Oh my god, that is such an awful story. Stories like that make me sick to my stomach and it just makes me so sad. I wish I could rescue every rat in the world....


----------



## OnlyOno (Apr 4, 2007)

ha, don't we all. while i'm at it though, i'd like to rescue all the dogs and cats, horses, swine, chickens, gorillas, elephants and manatees too.  kind of funny, but kind of sad that there are so many animals out there who need our help.

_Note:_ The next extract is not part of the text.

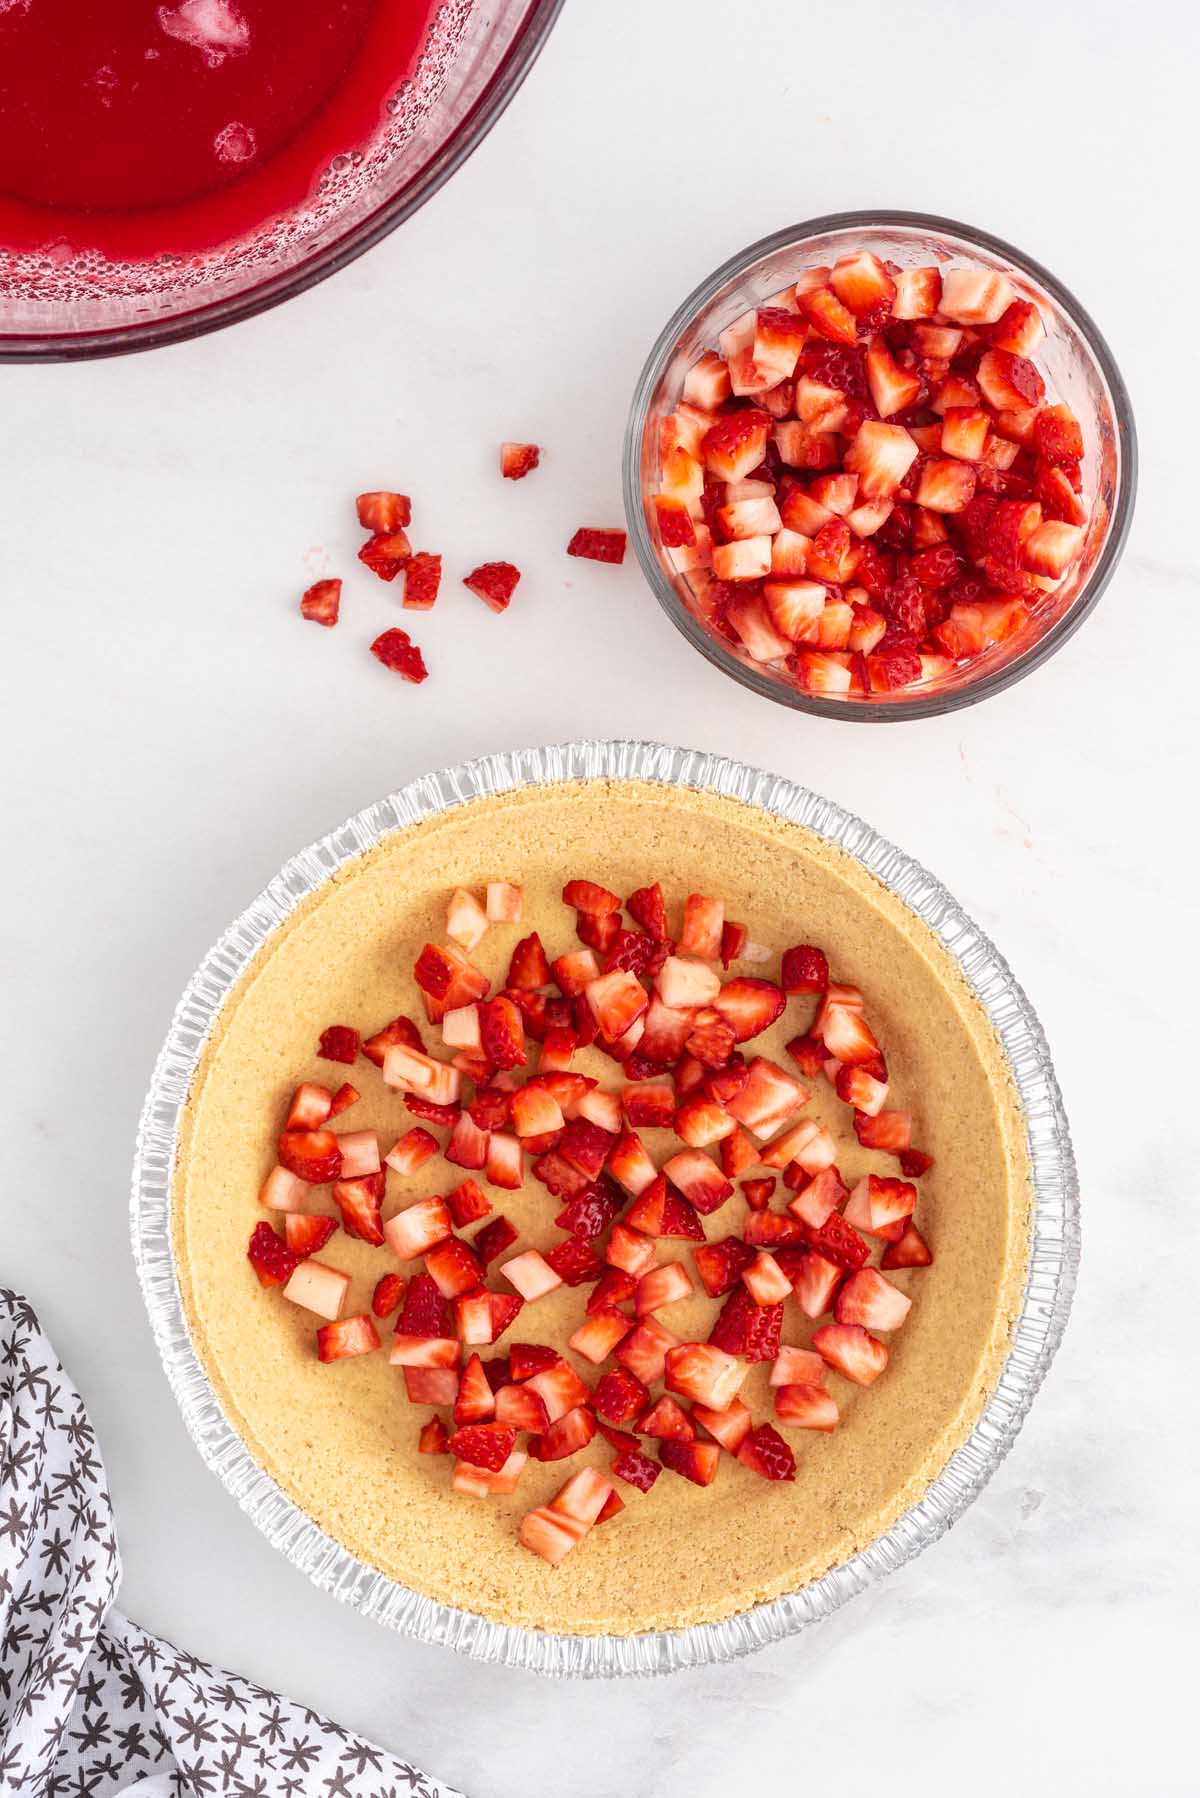 sprinkle strawberry into the pie crust
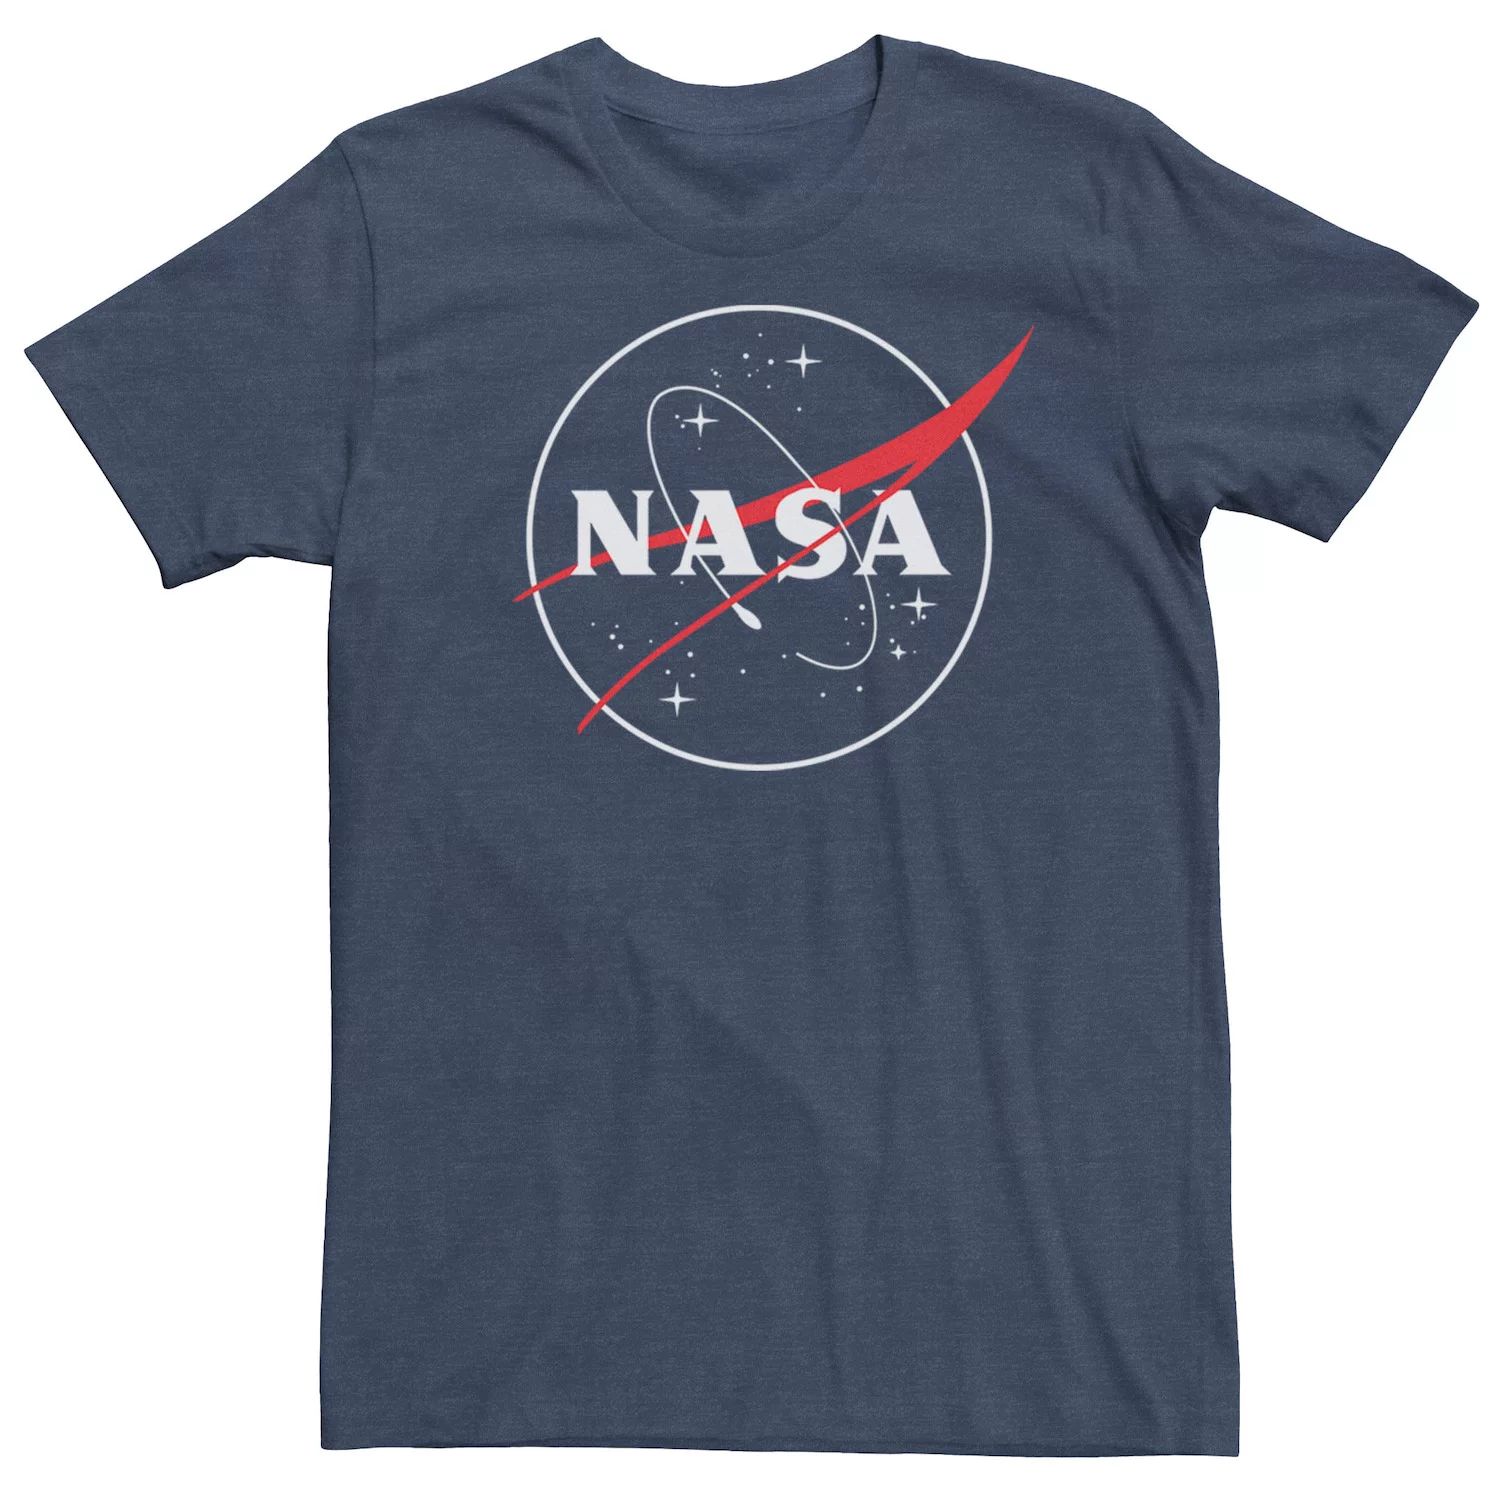 Мужская футболка NASA Outline с простым логотипом Licensed Character

and i meant that an animal tortured like that will never forgive the people who did that to them, and many will carry a fear of anything similar to that experience, whereas a human may understand better that it was an individual and not that all men are evil, etc. i don't know, to me, an animal seems to be scarred by a traumatic event stronger than a human is by the same thing, to a point. i understand that nothing will survive extreme torture/trauma wholly, but you know. ha, i don't think any of that made sense. i hear your point though.


----------



## Poppyseed (Feb 1, 2007)

I don't know. Many humans develop a fear towards the thing that hurt them, especially if it was early in life. I knew someone who FREAKED out whenever she saw sharp knives or blades because she was abused badly as a child. It just took LOOKING at them to make her panic and flail. Very, incredibly sad.

I think humans get more scarred than you think, we just try so hard to hide it from eachother.


----------



## twitch (Jan 4, 2007)

yeah, i agree poppyseed. when i was in grade five i fell on ice and got a minor concussion. since that time i've really hated ice. i cna still skate on it fine but if i'm outside and there's an ice patch on the sidewalk i'll walk around it if i can. i KNOW its not the ice's fault that i fell but i can't help being afraid. i know that if i'm careful i wo't fall and even if i do fall its unlikely i'll get all that hurt again anyway but i still can't help being afraid. it doesn't matter that i understand why or how silly it is. and that's just from a simple fall, i cna only imagine what fear a creature would have if they were tortured or abused like Nezumi or your friend. 

what i find amazing though is that rats can forgive so easily. Nezumi had no reason to ever trust a human. she didn't know i wasn't going to hurt her but she didn't yell at me like she did whenever anyone else touched her. adn after a time she stopped yelling at anyone. what's most impressive of all that is though is how quickly she forgave. i don't think it took more then a couple months for her to come completely out of her shell and trusting every hand that touched her. my mother has a dog that it was obvisous he was abused before we got him and was very nervous. it took him years for him to come to anyone. years. a rat and a dog don't know how long their average lifespan is, they don't know how short or long a time they have to get over something bad in their past to enjoy their future yet the rat got over her trauma in a couple months whereas the dog took years nad he's still not that confident. its really just amaizing the power to fogive is in rats.


----------



## Poppyseed (Feb 1, 2007)

She sounds like an awesome rat. I'm so glad you rescued her!

Still it makes me sad to think of how many pet rats out there aren't being treated properly and are neglected/abused D: Poor things, let's go to every house that owns a rat and make sure they owners treat them right. Lol if only it were possible.


----------